Leaks

Aug. 7th, 2005 07:56 am
peterbirks: (Default)
After a player has had a losing session, or a series of them, it's common, if he's at least vaguely competent, for him to go back over his game and to look for "leaks" — parts of his game that are consistently costing him money. Sometimes these are tactical — incorrect play in situations that crop up again and again. Perhaps a play that worked at one level or on one site was negative EV on another. Sometimes these are strategic. Too much watching TV, surfing the web, or other distractions. Or poor game selection.

But what happens if he can't find any leaks? Well, one answer could be that he is just being generally outplayed, and it's time to look for another game at another level. But another answer could be that he is looking for leaks in the wrong place.
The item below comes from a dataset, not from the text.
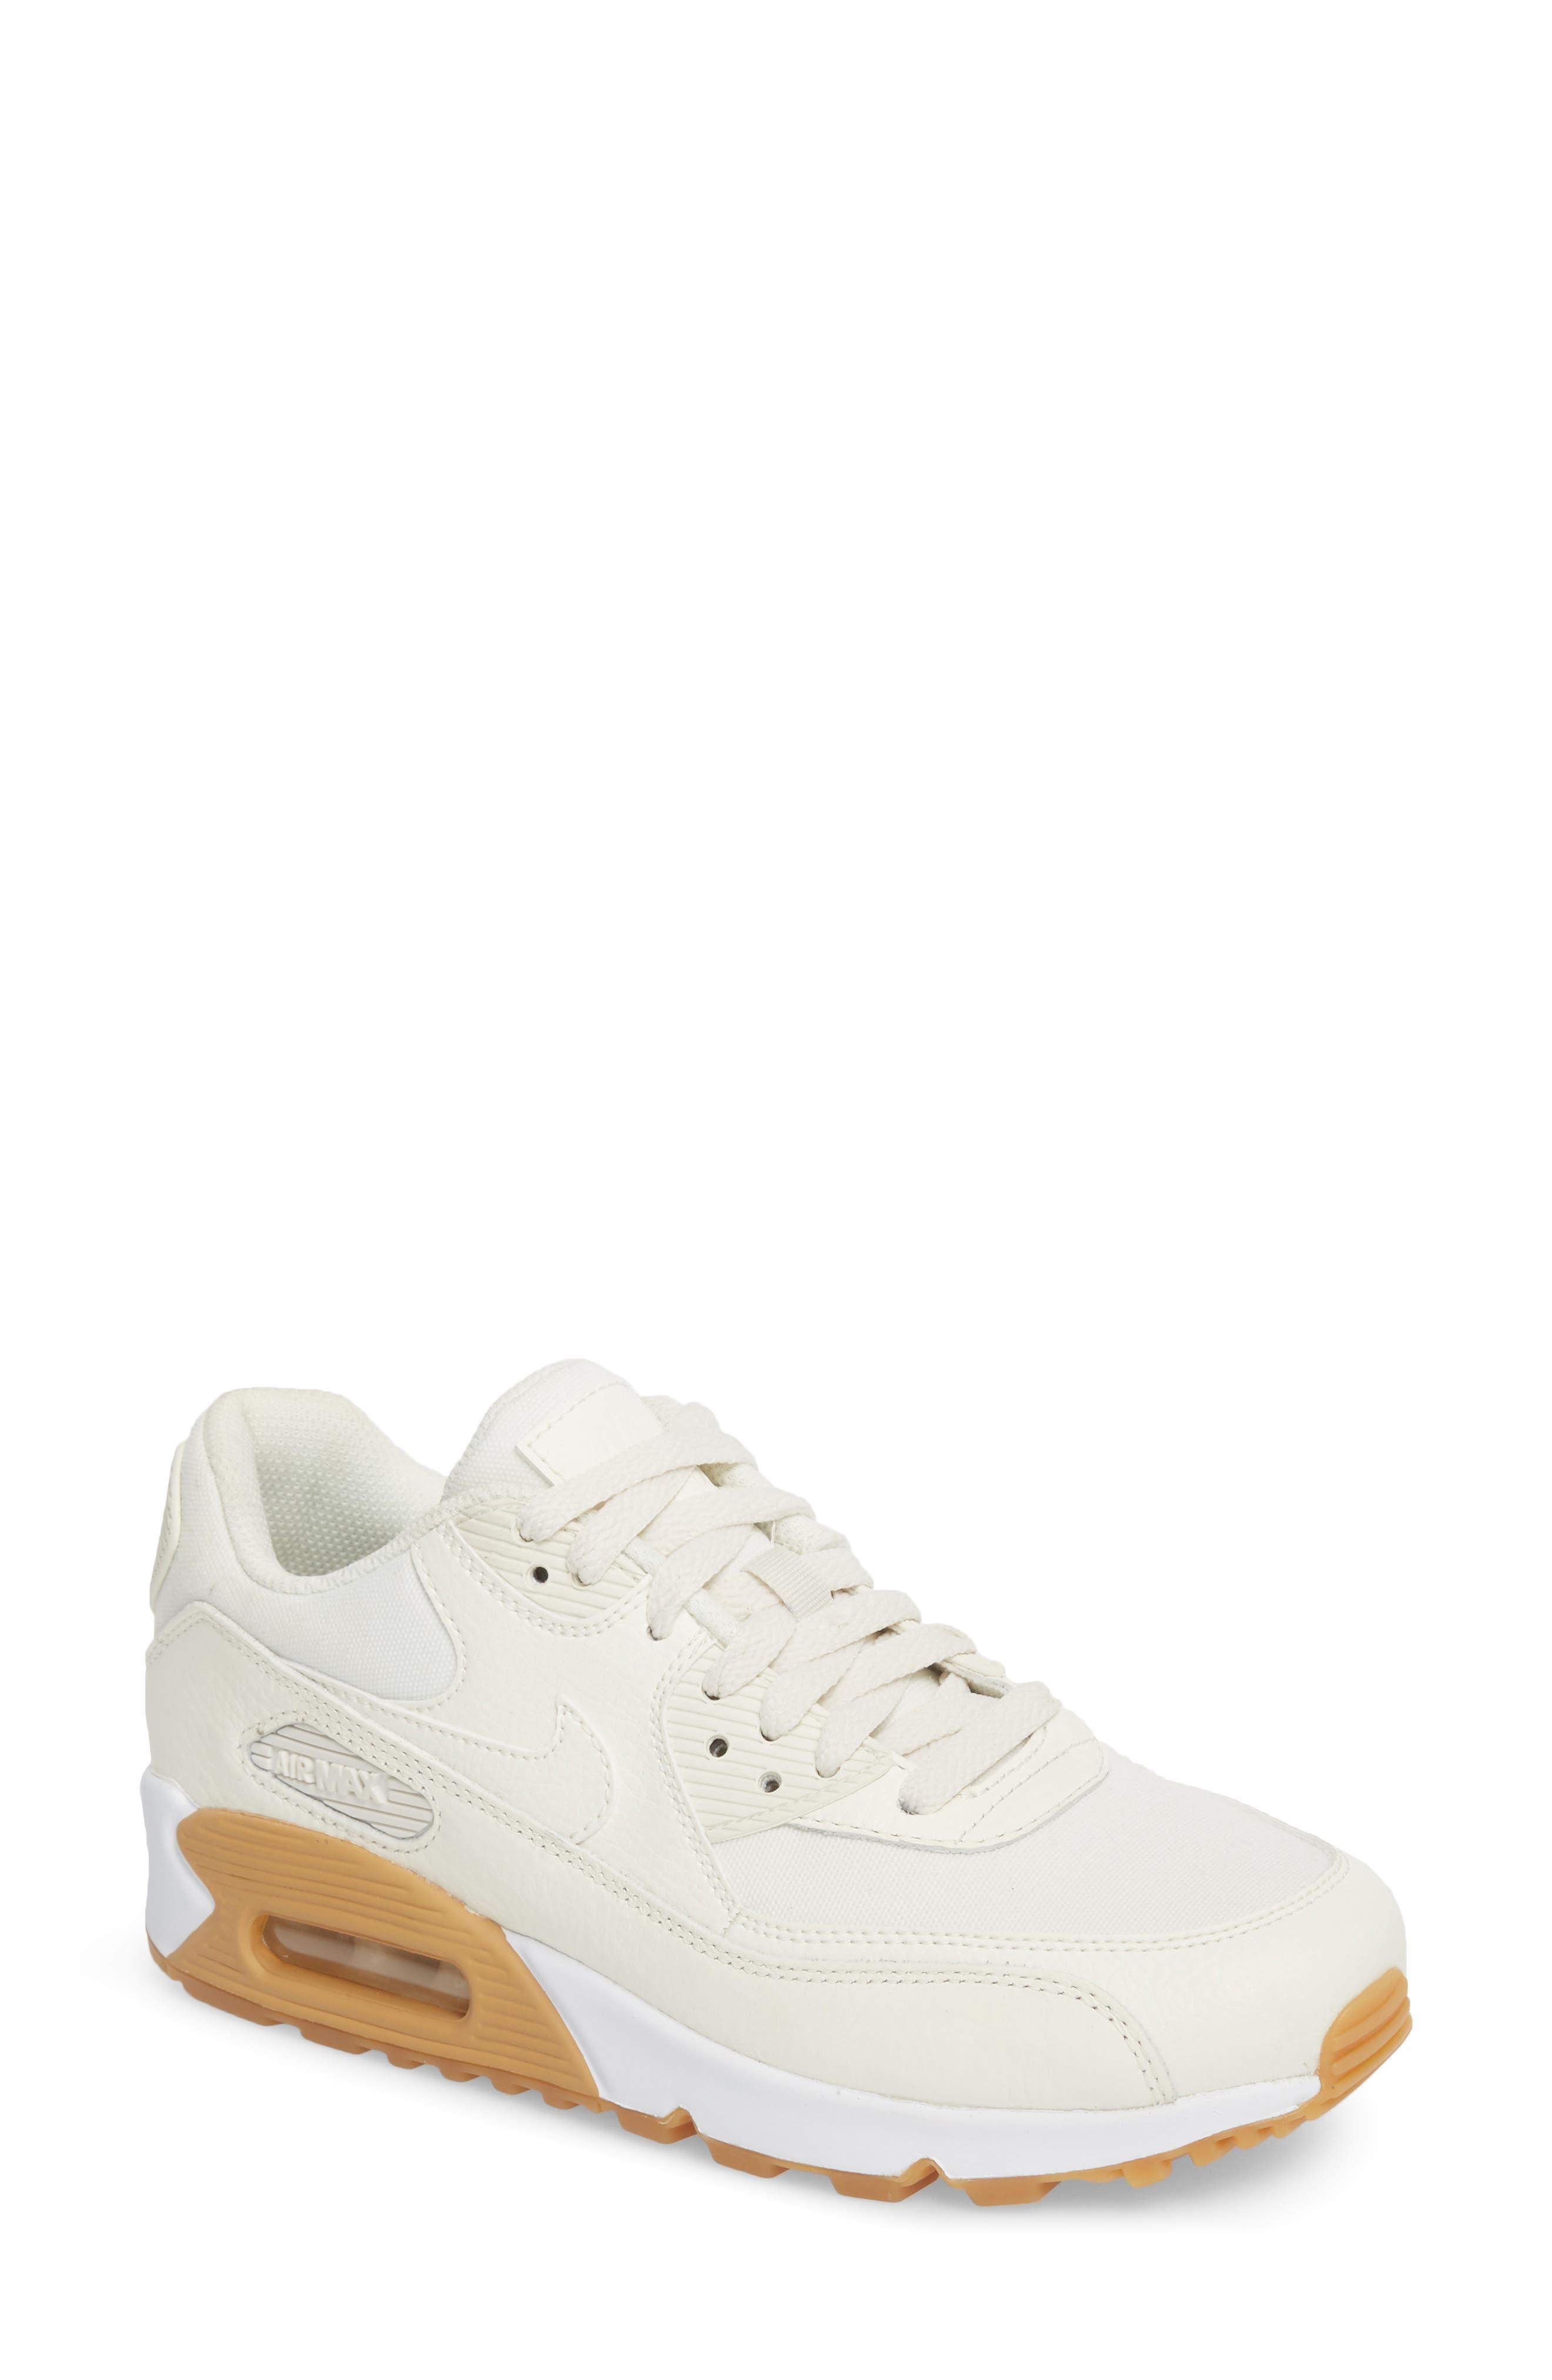 Air Max 90 Premium Sneaker,                         Main,                         color, Sail/ Light Brown/ White

As Caro has pointed out, a dollar that you don't lose is worth just as much as a dollar that you win. What he should also emphasize is that a dollar that you fail to win costs you just as much as a dollar that you do lose. In other words, it's just as important to look for leaks in your game when you are winning as it is when you are losing, because these leaks are just as costly.

I think that I am good at plugging my losing leaks. I don't go on serious tilt and I recognize when I am heading towards minor tilt through over-tiredness. No longer do I make those exasperated river calls just so that I can prove to the rest of the table (and to myself) how unlucky I am being today.

But I am not so sure about my "winning" leaks. As I said in a previous post, I am forcing myself to bet for value at the end a lot more when I am checked into. I am jamming hands more than I did, because it is clear that a raise will not frighten people off, so I might as well make the pot bigger (in other words, I was very good at raises that thinned the field, but not very good at ones which built the pot).

But I had (and have) other game and meta-game weaknesses. I still tend to protect my winnings. Although I am now doing so less, and only when a game that I have chosen has suddenly got tougher. When on a winning streak, I am in a rush to sit down. Now I am forcing myself to make sure that a game is attractive before I do so. I am diligently trying to teach myself that, although a number of my opponents are clever, many others are not. If a play by an opponent could be either very clever or very stupid, even at games of high altitude, it's usually better to plump for the "very stupid" line.

Surprisingly, one blog that helped me here was that written by a high-stakes sit'n'go specialist, the Zee Justin site (www.zeejustin.com). I don't care how clever this guy is, if he is playing 10 tables simultaneously, he is mostly playing by rote, and I have a good idea what that rote consists of, at least in the early stages. But he uses good game selection and knows that solid, rather than clever, play, will be enough to beat these guys. The trick, if you are playing 10 tables, is not to make mistakes, rather than to make plays of genius.

So, I reckon that all I have to do is not make mistakes. Sounds easy, huh? And, in a sense, it is. My opponents might have lots of money in front of them; they might have slaughtered lower-stakes games. But they are not superhuman, and they too have leaks in their game. Perhaps they have more than me. I have no wife/girlfriend with whom I might have had a storming argument which could have put me on tilt); I don't drink, so I won't be sitting down overconfident and over-tired. And I don't tilt; I walk away. I don't need to be clever-clever, because if I play steadily and don't let anything get to me then, eventually, even my toughest opponent will let something get to him, and he will crack.